This is a bit of an odd release in several ways. The program
itself is curious: Schubert’s significant Divertissement
à la Hongroise is coupled with three short Hungarian
Dances by Brahms, and then the Hungarian motif is broken
up by Ravel’s Boléro. The performance of the Schubert
is strange, as it only occasionally feels Hungarian - at, say,
11:15 in the first movement - and the finale drags on for well
over twenty minutes due to sleepiness and an insistence on every
repeat. And the booklet essay is one of the most outlandish
I’ve ever read.
Let’s start with the playing: for the most part, it is acceptable
but bland. The central movement of Schubert’s Divertissement
is supposed to be a march, but is very unmarch-like here, staid
and rather dull. Jeno Jandó and Ilona Prunyi on Naxos (an all-Hungarian
team) bring off the rhythms with far greater success, trim a
minute off the total time, and even make the tunes sound idiomatically
folksy.
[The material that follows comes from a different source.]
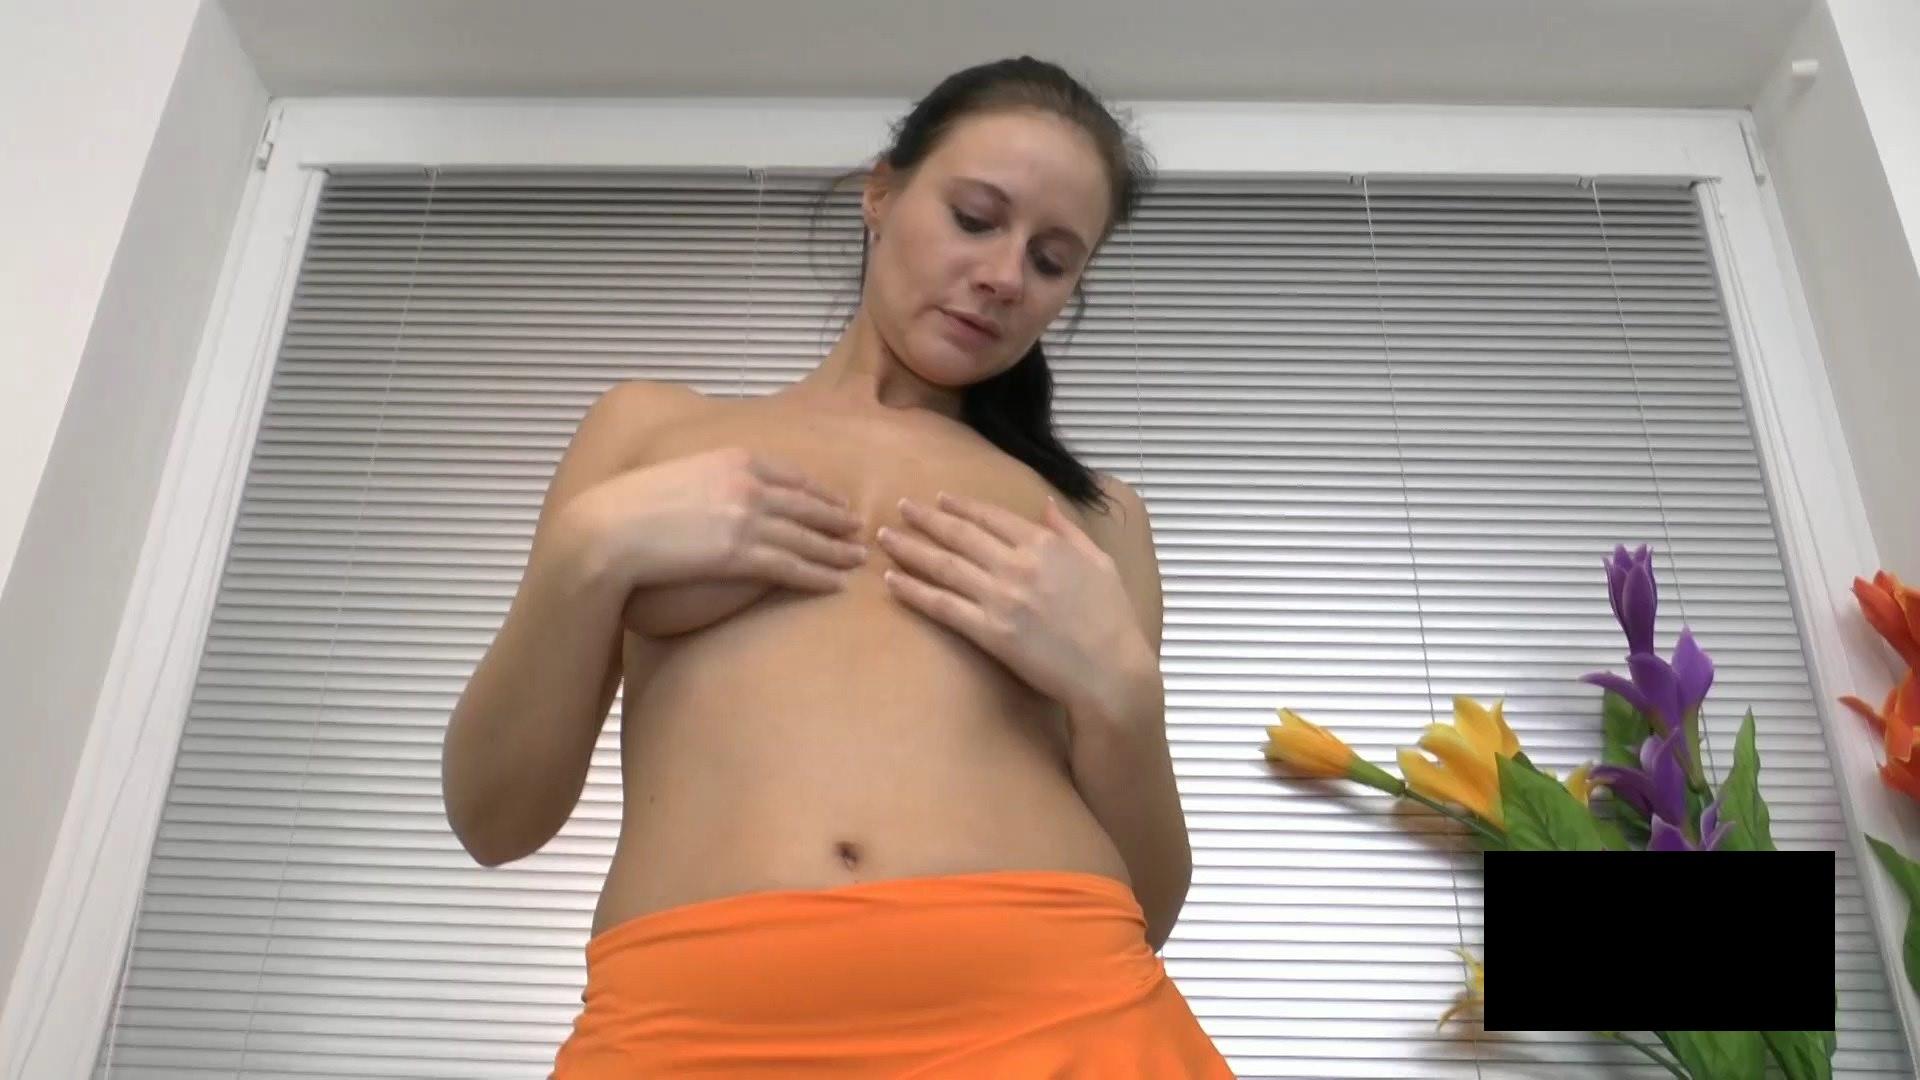 脂肪たっぷりの東欧熟女の脱衣ヌード画像貼ってくwwwwwwwww oGjPdaf

The two accounts also radically differ in the finale,
which on Naxos takes fourteen minutes and on this new Dux release
requires over twenty. Jandó and Prunyi are simply livelier and
more straightforward—but, at last, one begins to appreciate
the playing of Marzena Kasprzak-Godeaux and Bernard Godeaux,
lyrical and subtle in ways the Hungarians are not. Their Schubert
is more Schubertian. Still, need they have taken every
single repeat? This is good music, but twenty minutes of it
is rather excessive; the repeats are nowhere near as structurally
essential as in, say, the late sonatas, and under the rather
soporific influence of Kasprzak-Godeaux and Godeaux the music
gets repetitive fast.
The Brahms Hungarian Dances (just the first three) go
much better, and even demonstrate - as in Dance No 1 from 1:35-1:50
- an element of spontaneity. And best has been saved for last:
Ravel’s Boléro, saved from sounding insufferably repetitive
by Ravel’s skillful use of seemingly every note on the keyboard
and by the Godeaux duo’s sensitivity of touch and indulgent
romanticism, at last put to good use.
Now we can turn to the booklet essays, by “world-famous pianist”
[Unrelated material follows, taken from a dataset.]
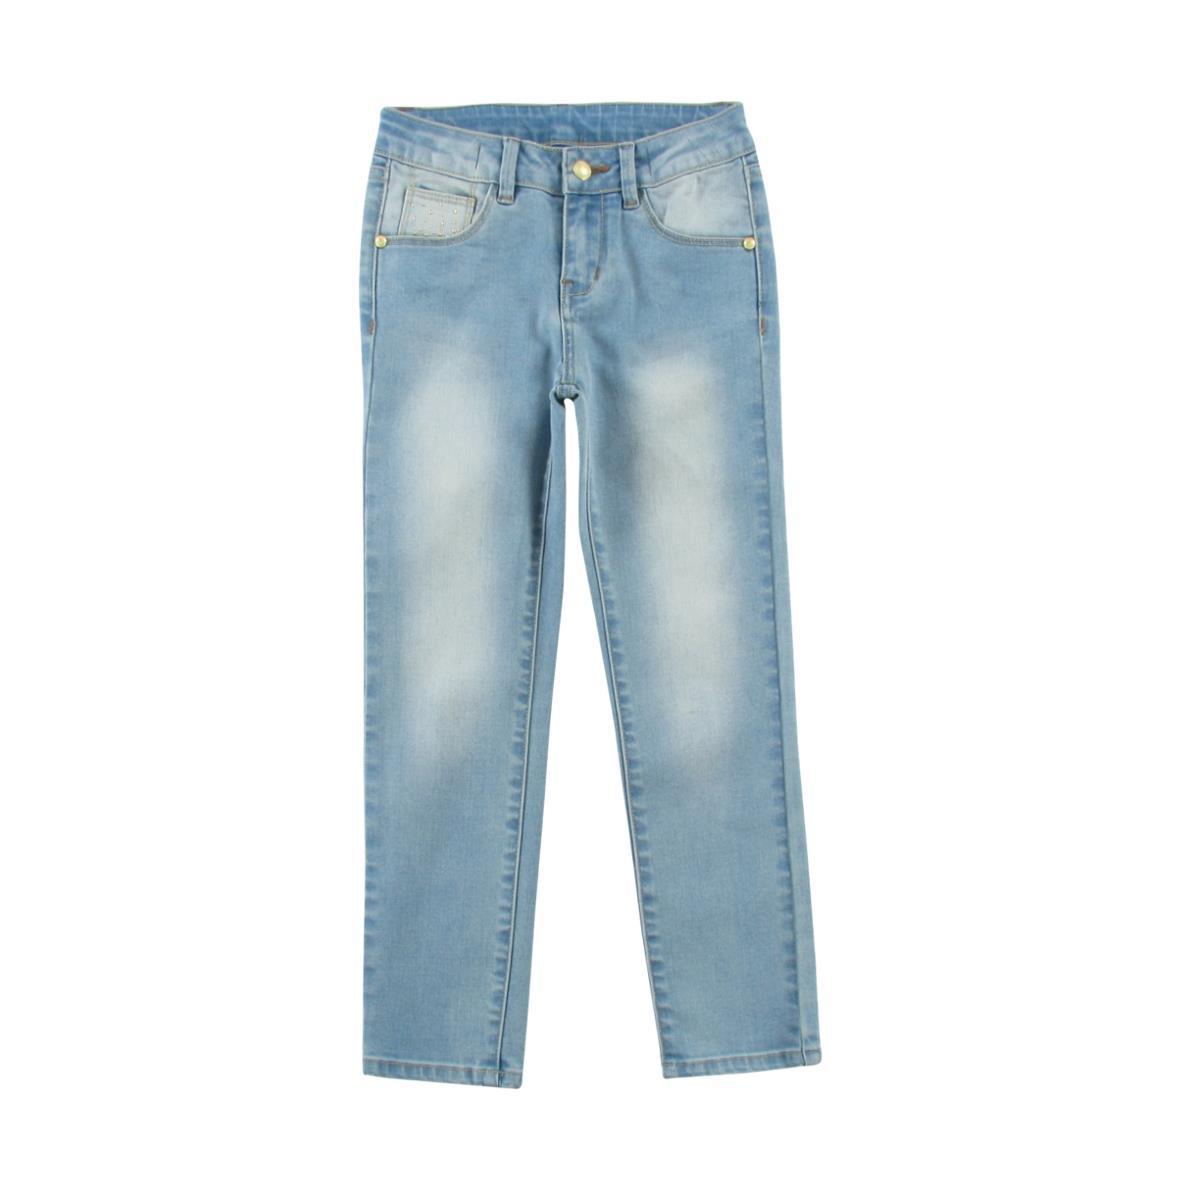 acbbbe8b040cc WÓJCIK Spodnie jeans dziewczęce-47394 ...

Valery Afanassiev. They are spectacularly bizarre. One is called
“Schubert” and the other “Brahms,” but ironically the only work
on the program which is actually mentioned at all
in the booklet is Ravel’s Boléro! The “Schubert” essay,
composed in a sort of hyper-intellectual stream-of-consciousness
style, briefly discusses Schubert (two sentences) before turning
to Spinoza’s ideas about good and evil, Heraclitus’s remarks
on justice in the universal order, comparisons between Beethoven
dances and paintings of village life, Freudian interpretations
of the word ‘unheimlich’ (“which may be translated as
follows: uncomfortable, uneasy, gloomy, dismal, uncanny, ghastly”),
and whether or not ‘heimlich’ is “even more uncanny.”
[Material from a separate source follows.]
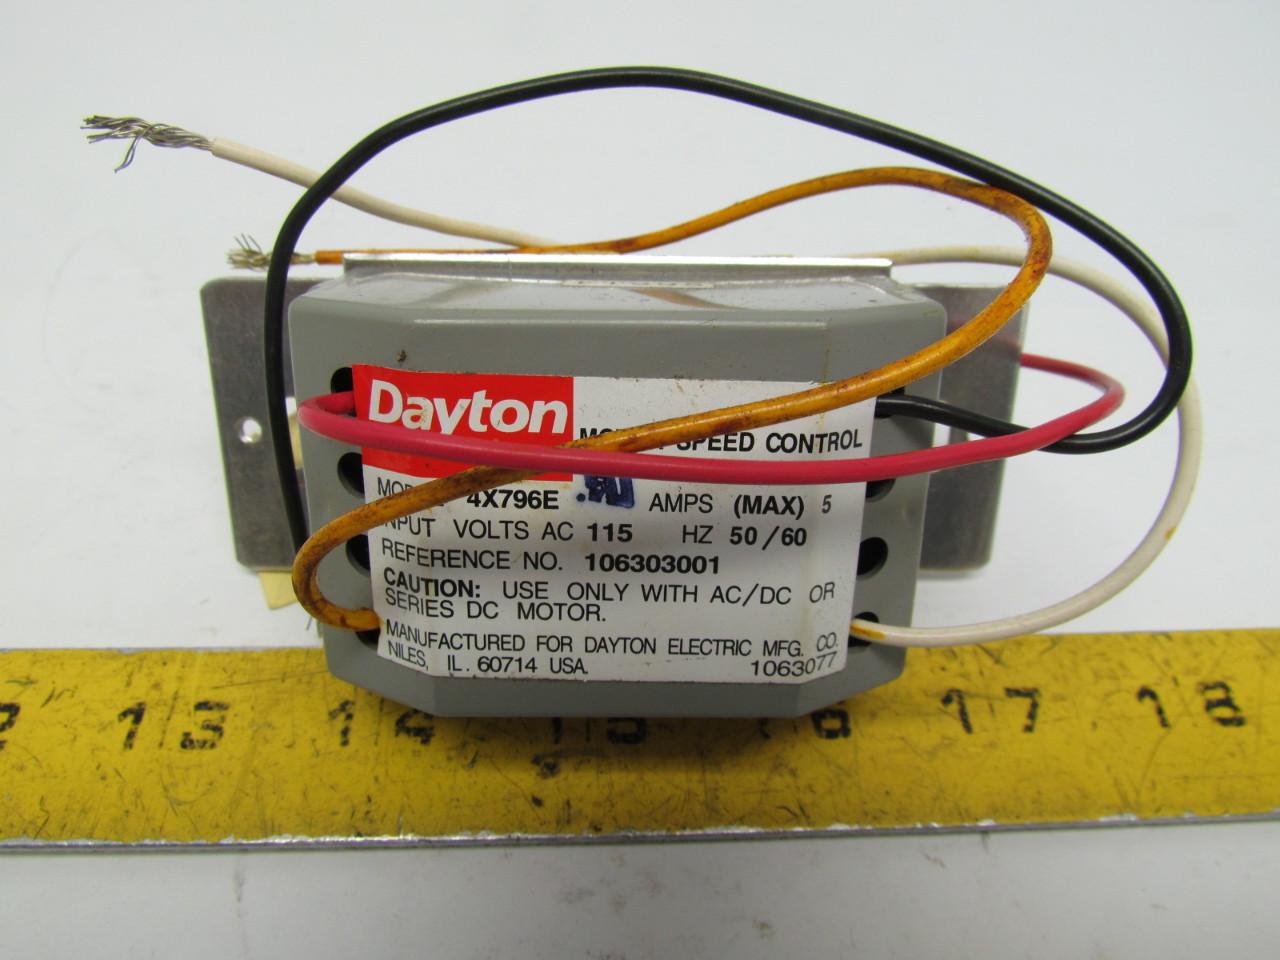 Dayton 4x796e Motor Speed Control 115v 50 60 Hz Ebay

And that is just the first of four pages on “Schubert.” Later
we are treated to analyses of how the Japanese write history,
the inability of Nietzsche to eliminate pity, and the startling
fact that “the tune” in Boléro “is different” from a
Schubert tune. Oh, really?
The Brahms essay is slightly shorter, and only five of the paragraphs
omit the word “Brahms,” but our voyage is just as exuberantly
bizarre. Here is the first sentence: “A London friend of mine
maintains that every novel has its own voice.” As a London resident
extensively educated in American and English literature, I can
reassure Mr Afanassiev that, in fact, voice is an essential
property of all writing, as essential as, for example, using
words. A novel without a voice would be like music without tones.
Even assuming that what is meant is that every novel has a unique
voice, the statement is still akin to saying that every finger
has its own fingerprint. I wonder if Mr Afanassiev’s friend
in London has made that discovery, too.
At any rate, the essay then goes on to say that the most characteristically
Brahmsian instruments are the clarinet and the cello, which
is a pity as neither appears on this recording. It compares
various composers to buildings (“Wagner might be represented
by a medieval castle”), fantasizes about time-traveling and
falling victim to Beethoven’s ill-temper, misunderstands Shostakovich
as “hysterical frenzy,” quotes rather a lot of Chekhov, remarks
that “Leonardo [da Vinci] stands apart in the history of humanity,”
and finally concludes with a one-sentence paragraph which tells
us: “Brahms’ late works are more akin to silence than to sounds.”
Which is a pity as Brahms’ late works do not appear on this
recording either.
It is rather depressing to report that the essays are the most
memorable part of the release. The Godeaux duo (Godeux?)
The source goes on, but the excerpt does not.